* _RECORDED DATA_
──────
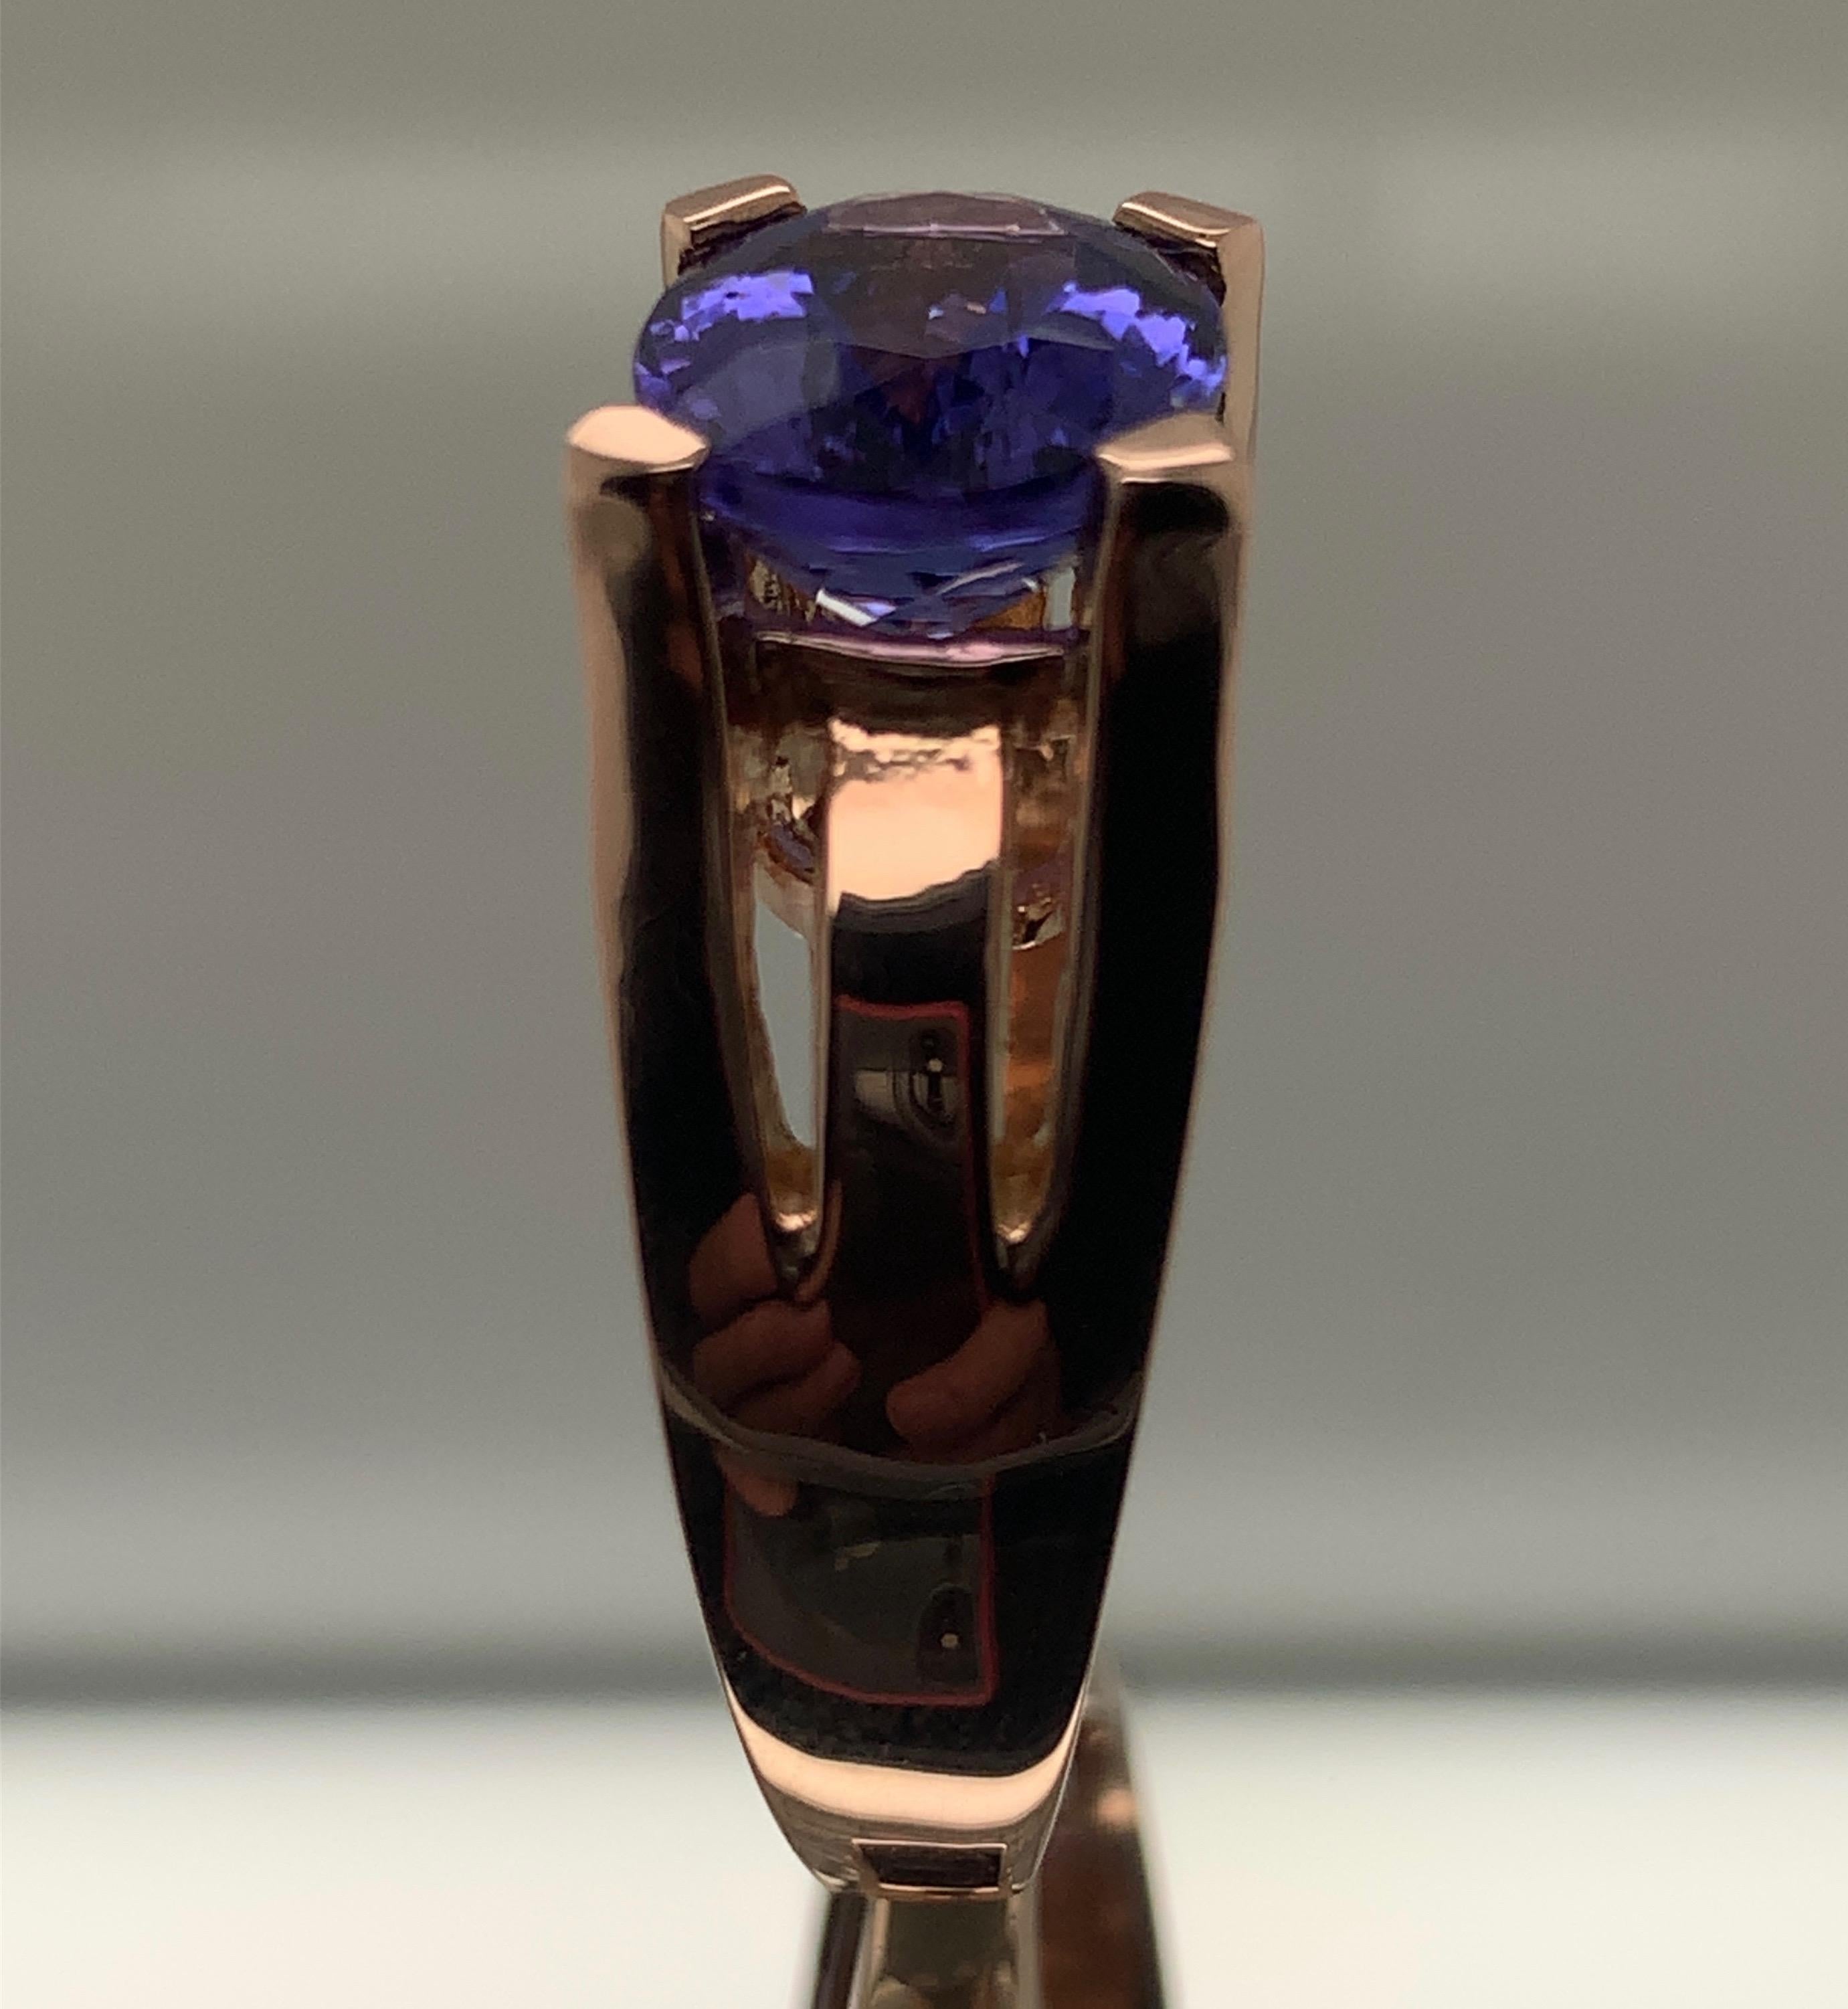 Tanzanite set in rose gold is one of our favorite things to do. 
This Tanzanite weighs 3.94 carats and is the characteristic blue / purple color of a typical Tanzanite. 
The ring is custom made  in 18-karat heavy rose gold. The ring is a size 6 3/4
──────
* _EXERCISE INSTRUCTIONS_
Output all of the data word for word, excluding any pictures.

* _RESPONSE TO THE EXERCISE_
 Tanzanite set in rose gold is one of our favorite things to do. 
This Tanzanite weighs 3.94 carats and is the characteristic blue / purple color of a typical Tanzanite. 
The ring is custom made  in 18-karat heavy rose gold. The ring is a size 6 3/4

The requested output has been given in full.